# [WHAT IS EXPECTED]
Set down the whole listing below exactly, without pictures.

# [INFORMATION SHOWN]
»»
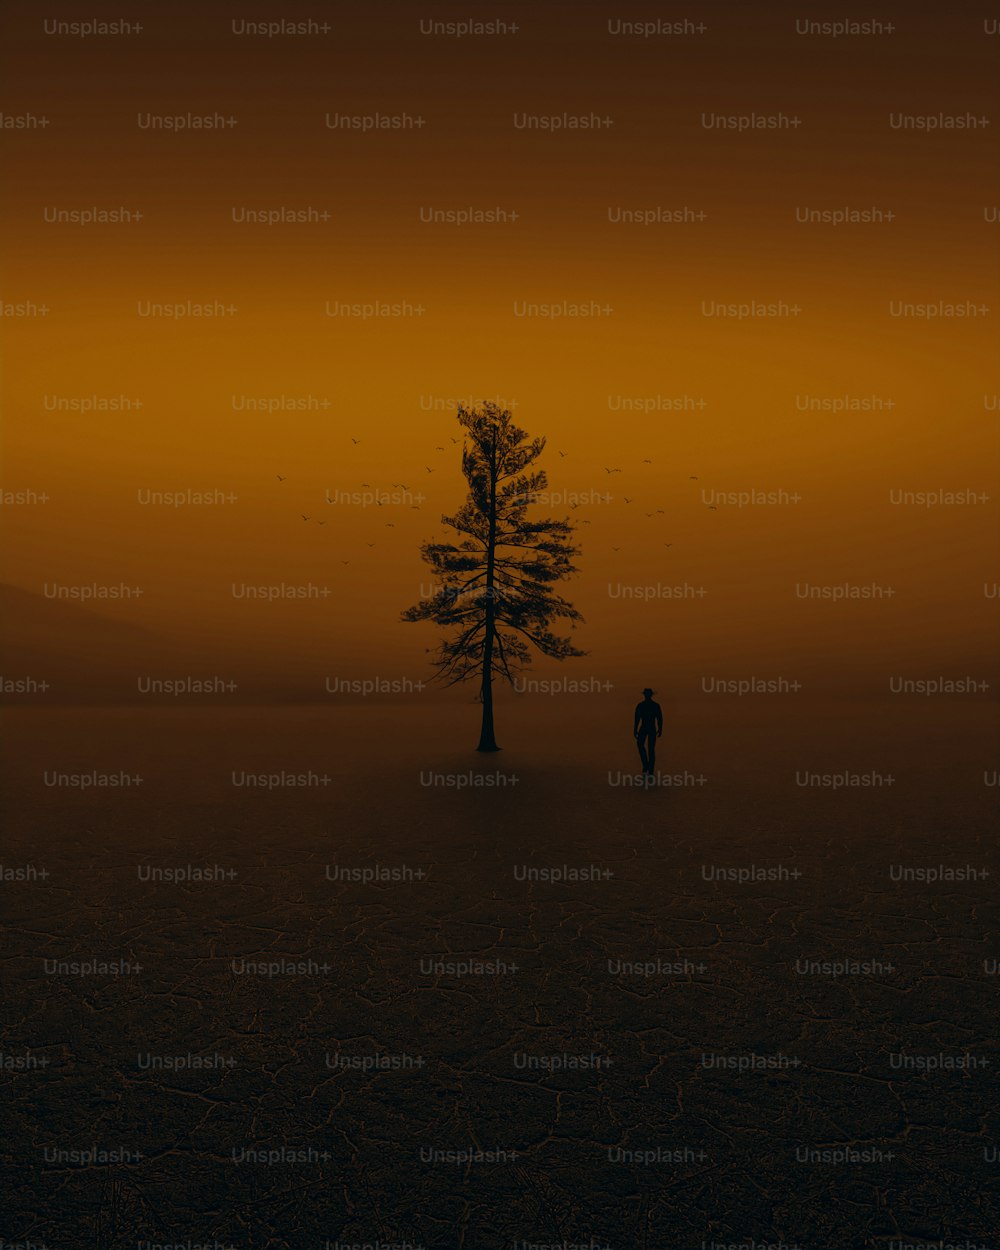 Un albero solitario in mezzo a un campo
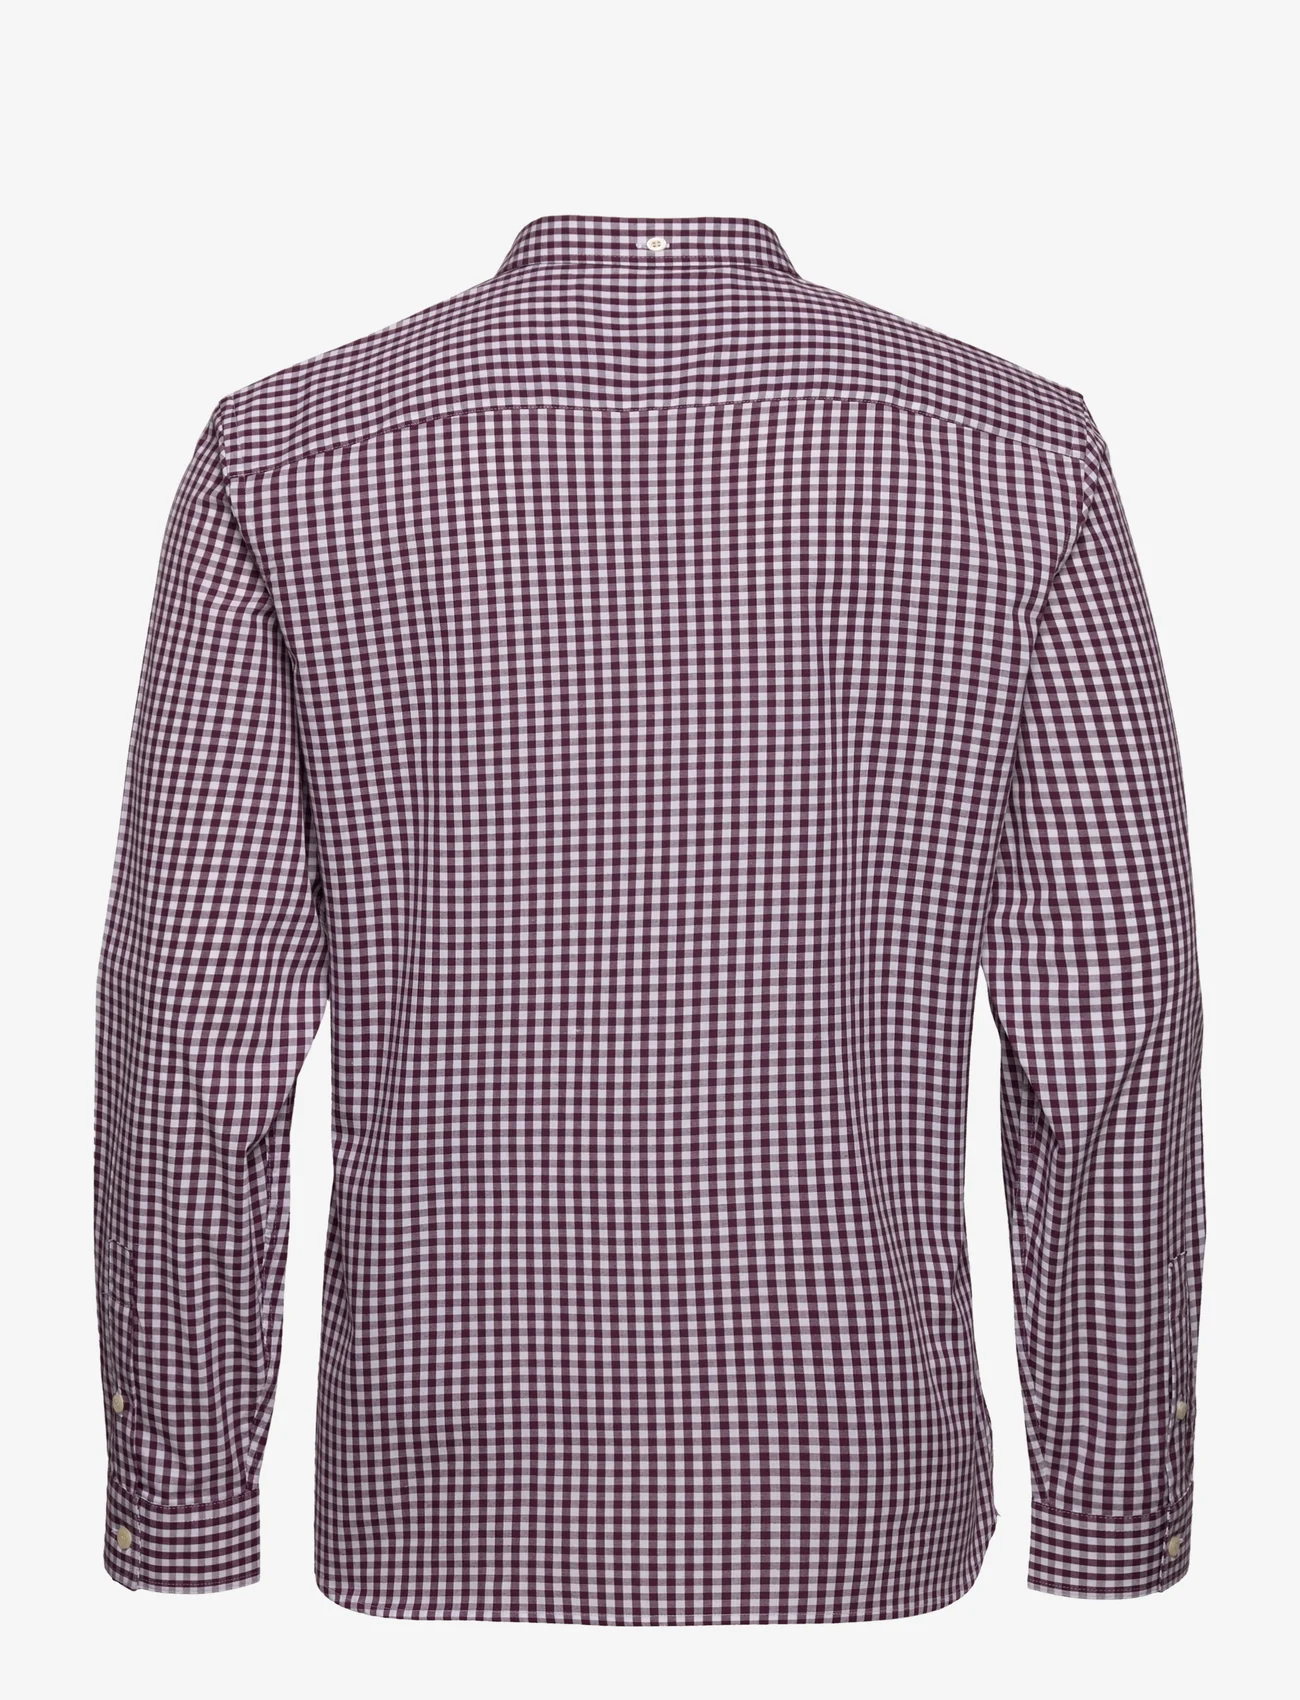 Lyle & Scott - LS Slim Fit Gingham Shirt - checkered shirts - burgundy/white - 1
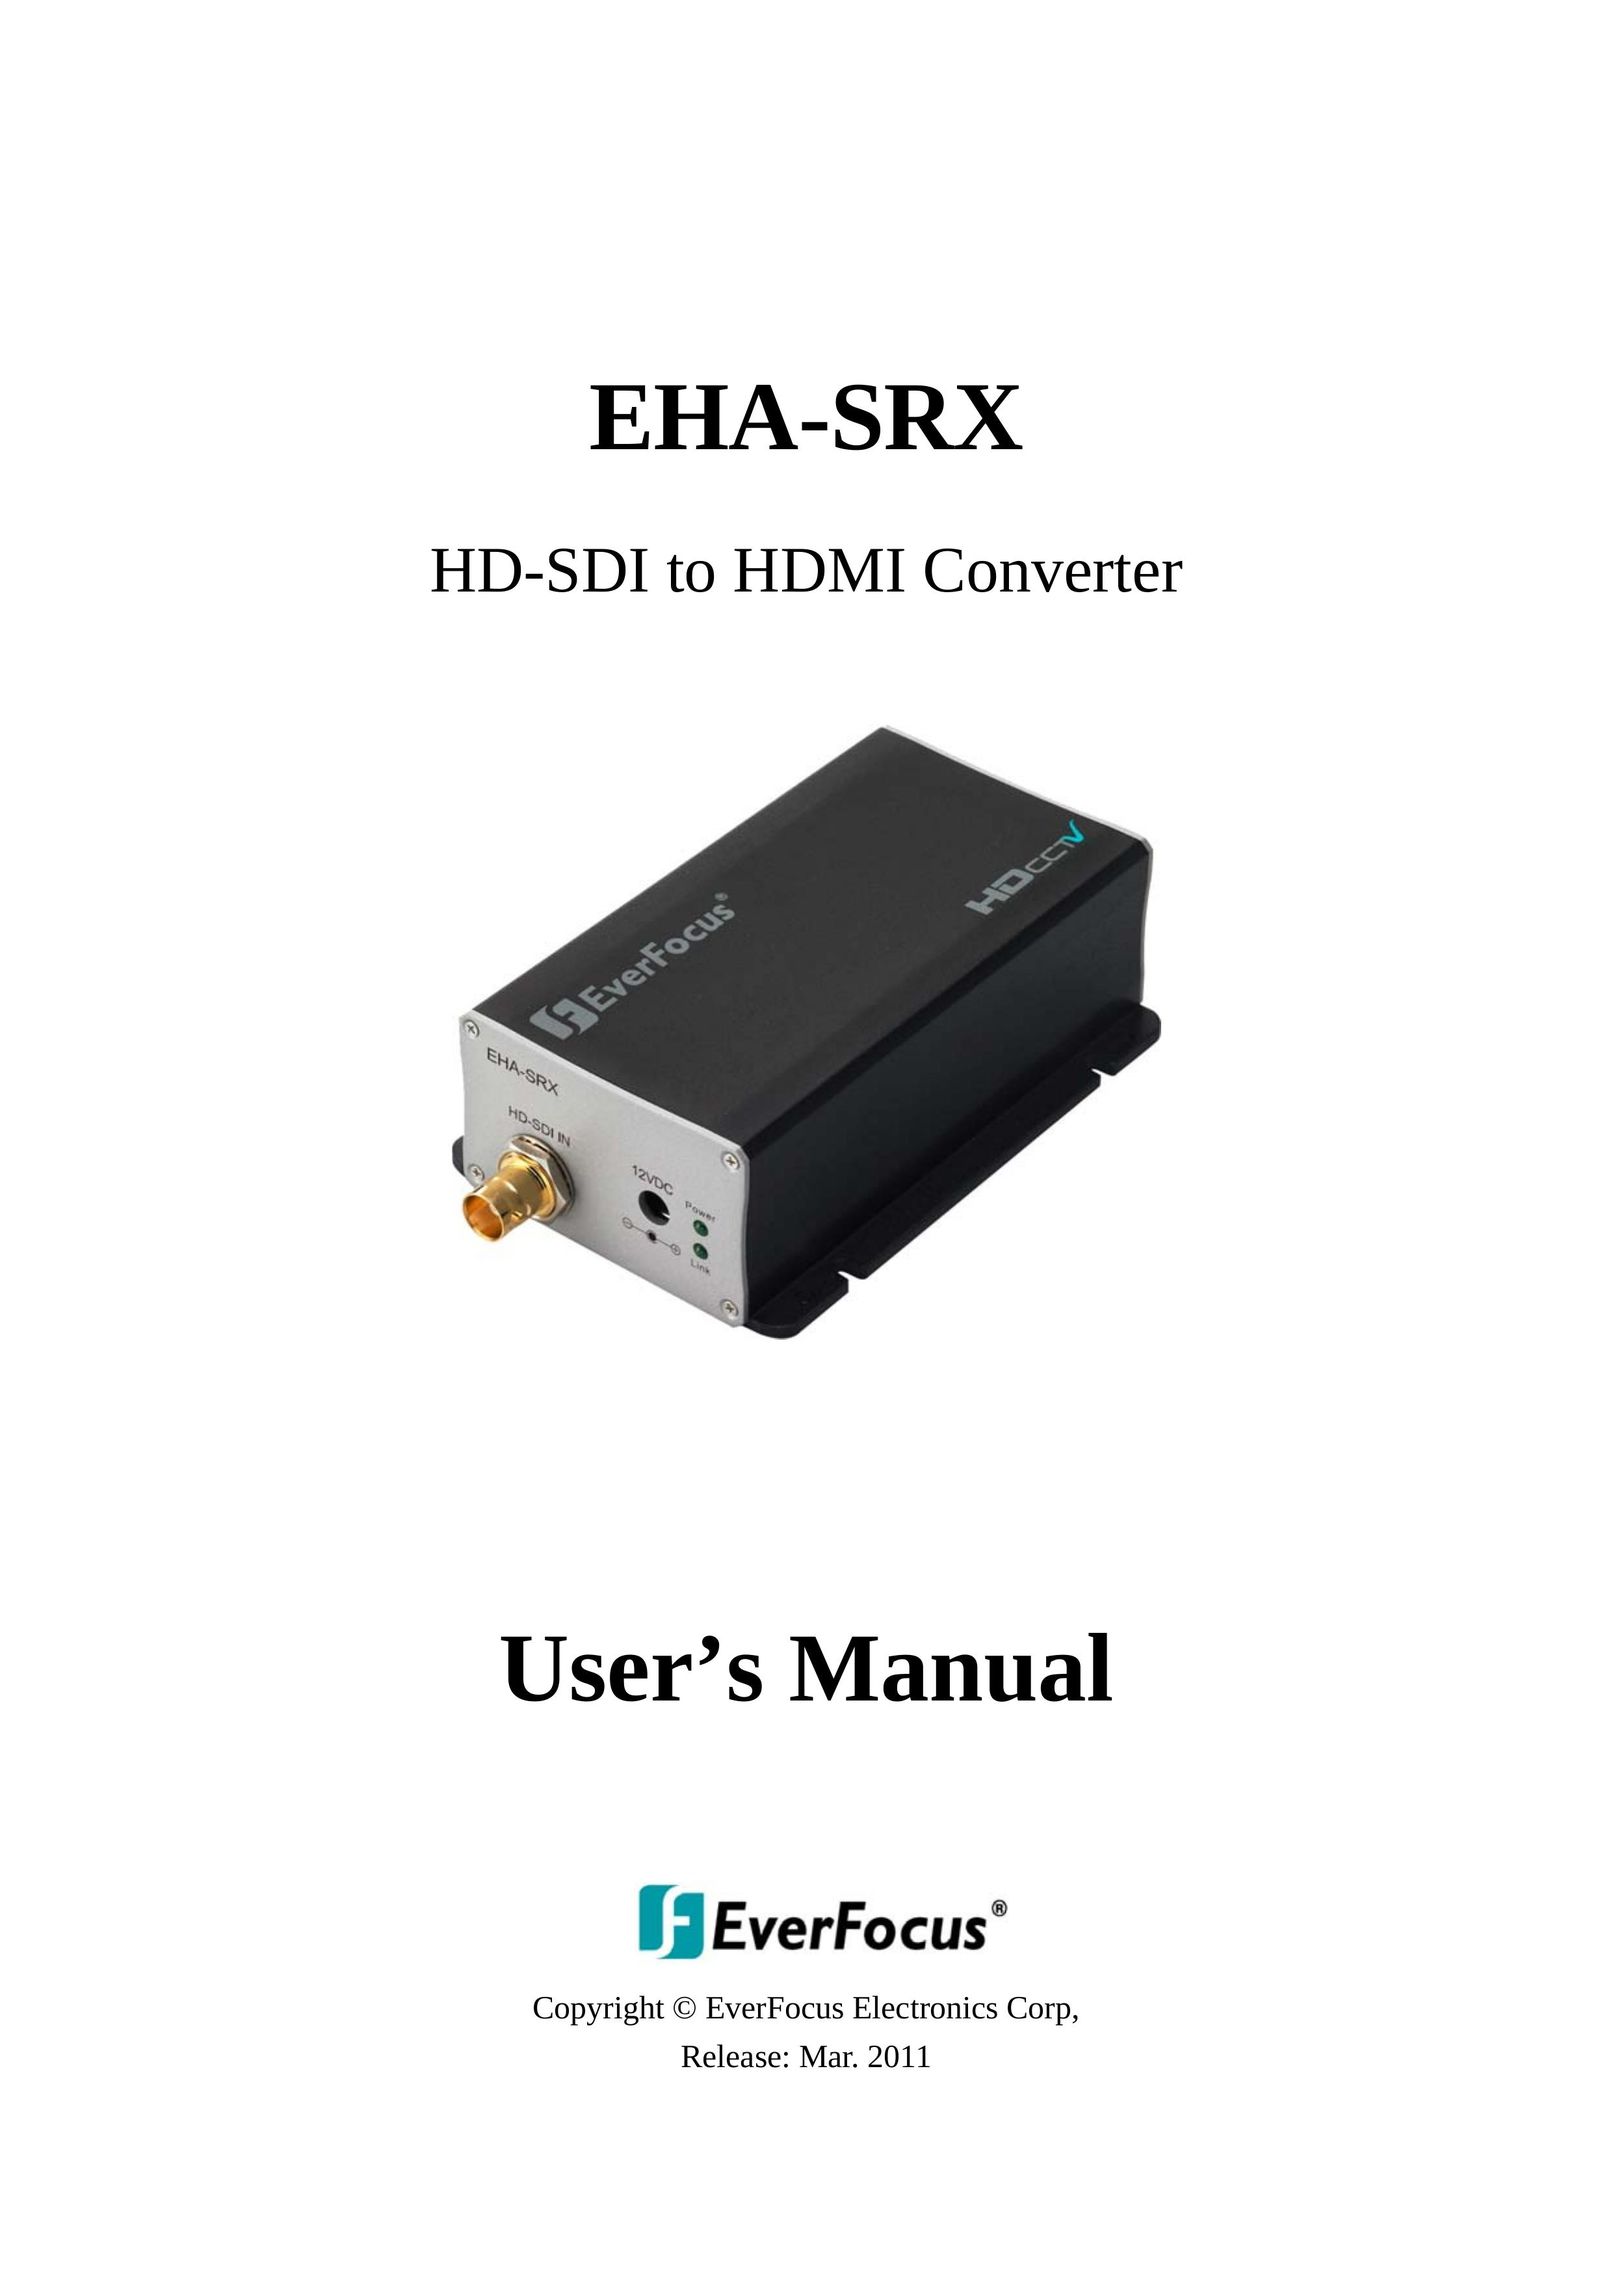 EverFocus EHA-SRX Cable Box User Manual
««
# [RESULT OF THIS TASK]
 Un albero solitario in mezzo a un campo
 Lyle & Scott - LS Slim Fit Gingham Shirt - checkered shirts - burgundy/white - 1
 EverFocus EHA-SRX Cable Box User Manual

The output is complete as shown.